Blue collar is far more than manufacturing and mineral extraction.
drikeo says
And that’s where our efforts should be focused when it comes to helping the current blue collar, transitioning their skills to more stable forms of employment.
What bugs me is the monomania on manufacturing.
johntmay says
The TOP THREE are retail operations and very stable operations with jobs that require skills.
The only “skills” that American laborers need to add/improve are the skills to become part of the group of Americans that write the rules, set the terms, and enforce how the economy will operate.
johntmay says
It’s got more to do with tax policy, trade policy, and labor policy.
Imagine a guy inspecting plates, removing excess material, arranging them in a carrier that takes them through a chemical process that transforms them from something of little worth to something worth more.

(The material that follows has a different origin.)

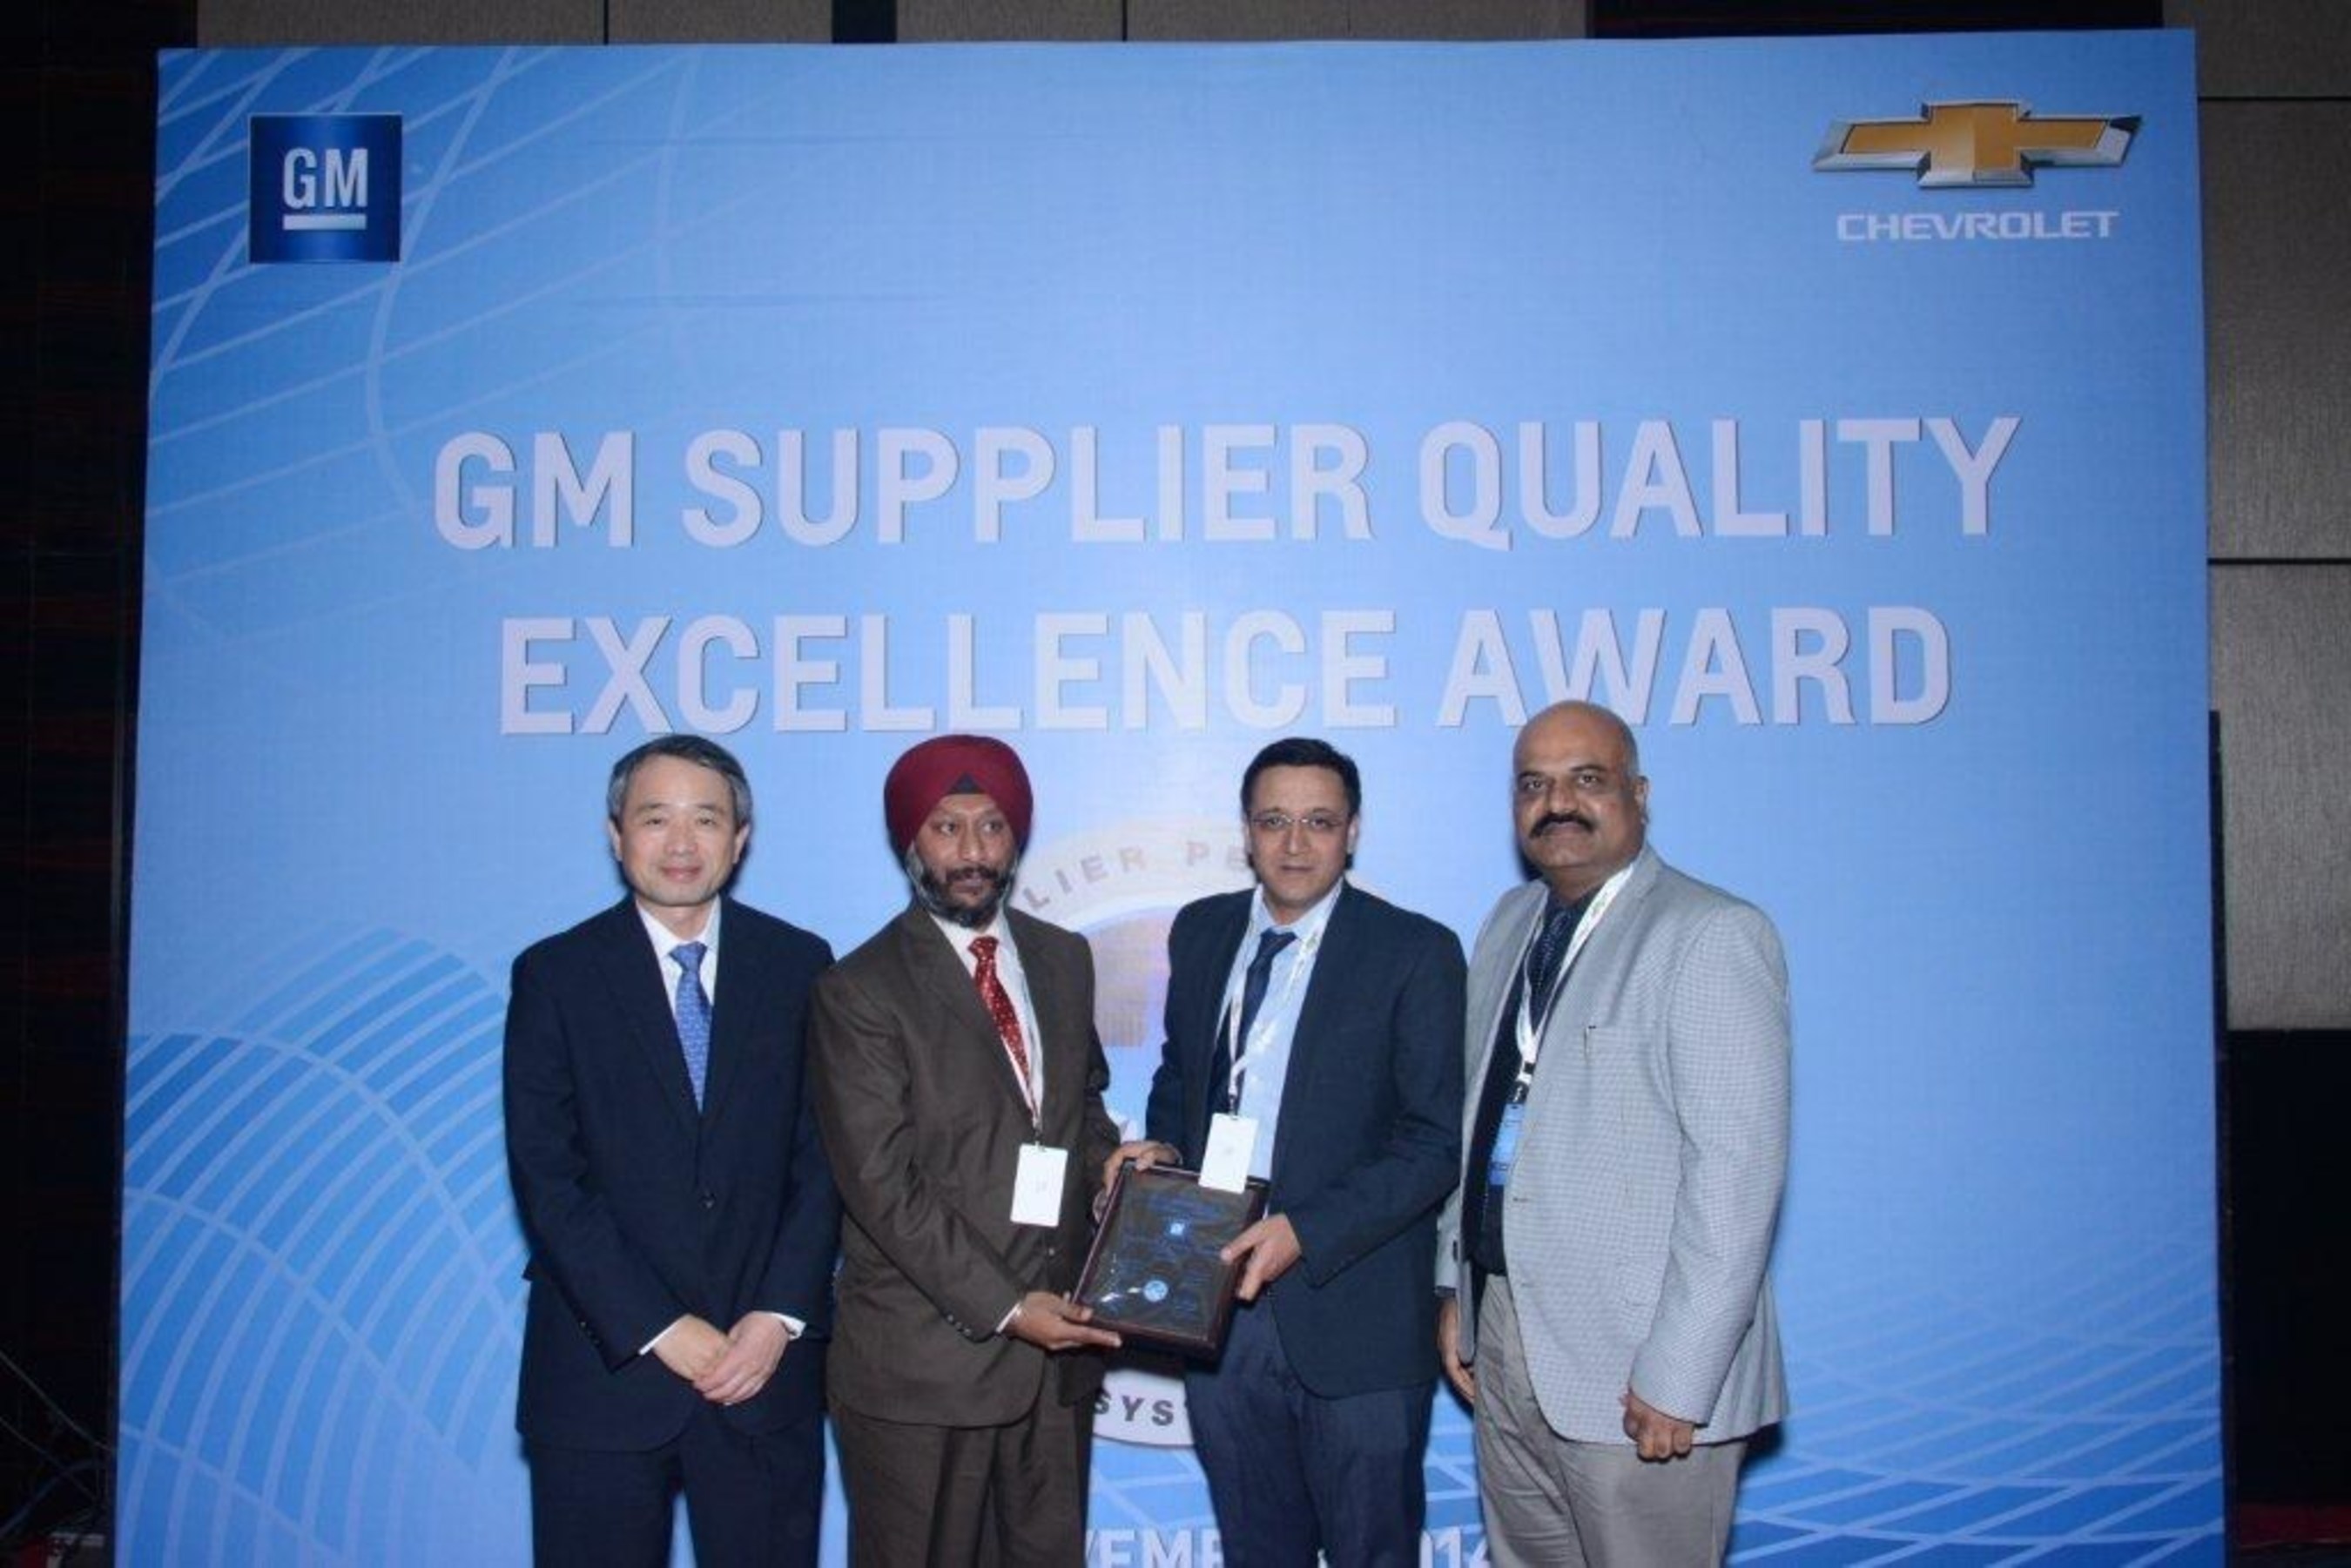 Yongjoo Huang, Director Powertrain, GM International Operations (far left), and Praveen Patravali, Plant Head, GM India Powertrain Plant (far right), presented the 2014 Supplier Quality Excellence Award from GM India to Darshan Pal Singh, Quality Manager, BorgWarner Emissions Systems India (middle left), and Anshul Gupta, Head of Sales, Marketing and Program Management, BorgWarner Emissions Systems India (middle right).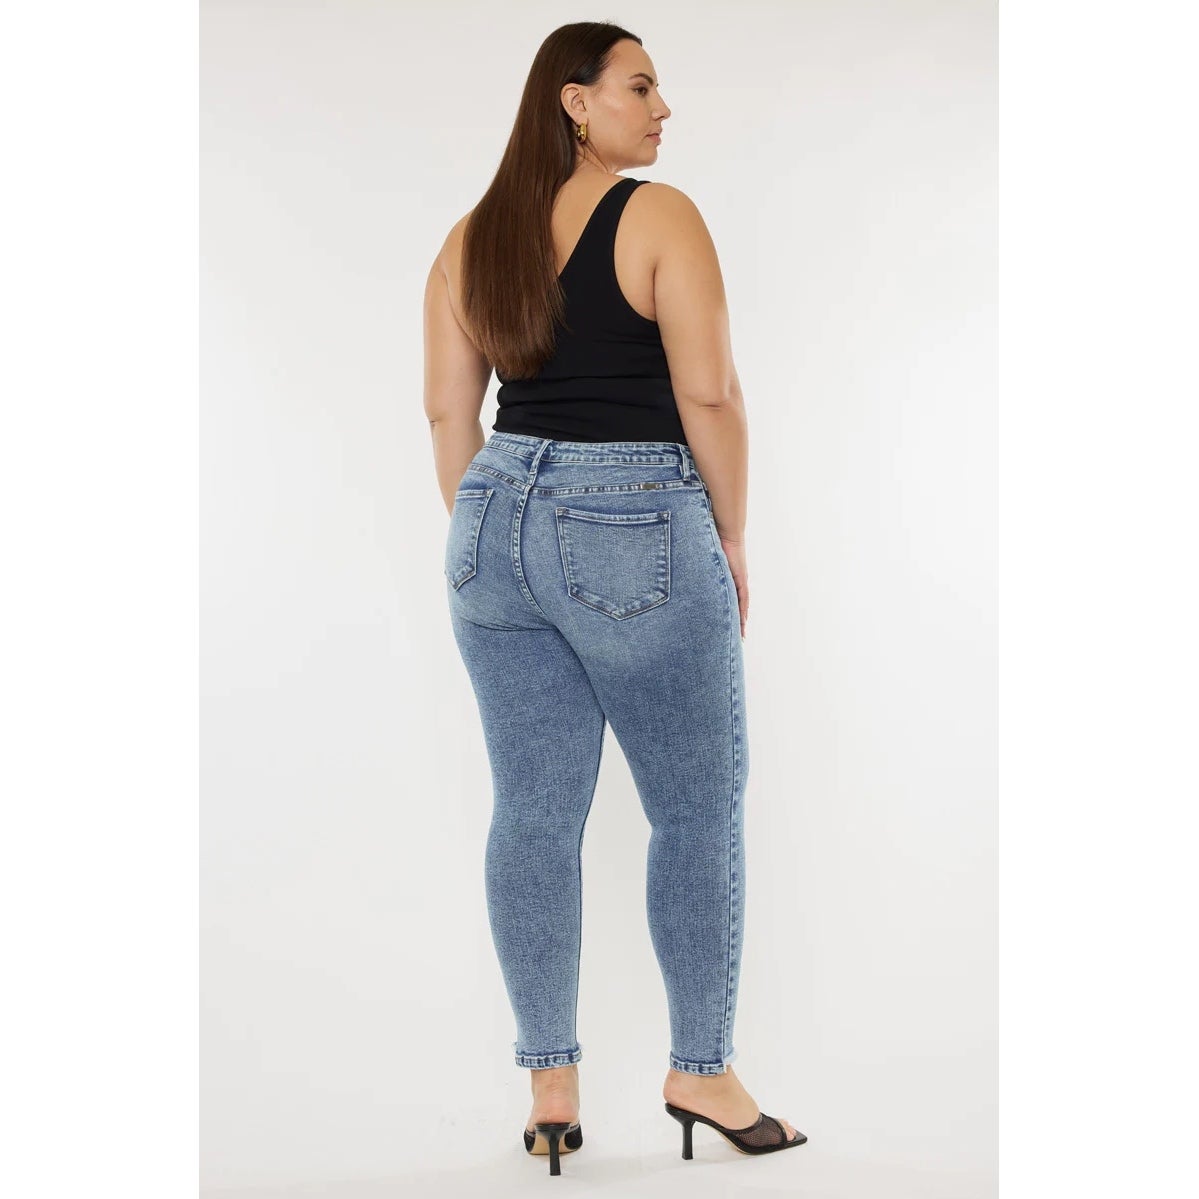 High Waisted Skinny Jeans With Rubber Band Corset For Women Casual Denim  Plus Size Trousers Women From Cqh03, $41.01

One guy works in a plating plant that makes chrome hubcaps and the other works in a restaurant kitchen, keeping the dishes clean for use. Both do the same job. Why does the former make more than the latter? The former is employed in an environment where labor is organized and is allowed to be part of the decision making process in the company AND in the government that writes the rules, and the latter is not.
So how does the hubcap manufacturer get to cut wages? He can only relocate to an area where labor has little or now power.
It has nothing to do with “manufacturing”.
centralmassdad says
Obviously, referring to “baby boomers” as a monolithic entity is not exactly statistically or demographically rigorous. But there is a grain of truth in what he says.
Baby boomers were OPPOSED TO WAR, so long as it was they who could be drafted. Once Vietnam ended, their opposition to war was more or less forgotten.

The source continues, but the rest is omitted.